Shedrick joined the board, aiming to help other caregivers find support. She’s seen how hard it can be. Her consulting company, JenTex, provides training, professional development and continuing education for social workers and those in health and human services.
Because of her expertise, friends would often ask her where they could find a therapist who understands the emotional weight of care — and she realized she didn’t have much to offer them. Many therapists don’t get it, she says. “They don’t realize it’s a distinct role, with job-like responsibilities.”

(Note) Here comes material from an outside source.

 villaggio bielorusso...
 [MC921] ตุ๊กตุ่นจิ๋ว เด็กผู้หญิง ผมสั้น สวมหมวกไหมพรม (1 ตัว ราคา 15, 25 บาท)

So far, there hasn’t been a convenient way for a therapist to specialize in caregiving. So Shedrick is now creating a training program to teach mental health professionals and caseworkers about the diversity of caregivers, their stresses, and the way family and cultural expectations influence the role. She wants to equip practitioners with ways to identify burnout, and help their patients with proven therapy techniques. She hopes to launch it in 2025.
Her mother’s health has deteriorated in the last few years. Shedrick now manages the binder of medical information that organizes everything that’s happened — every doctor, every symptom. It weighs on her, but, she says, she now knows who she is, who to lean on for support, and has a way to connect to others, by talking about her experience.
“It gives me relief when I’m affirmed and validated, and that’s what I hear when I share my story,” she says. “If one person finds value in it, it’s worth it.”
Kat McGowan is a caregiving reporter based in Berkeley, Calif. This story was supported by the Rosalynn Carter Fellowships for Mental Health Journalism.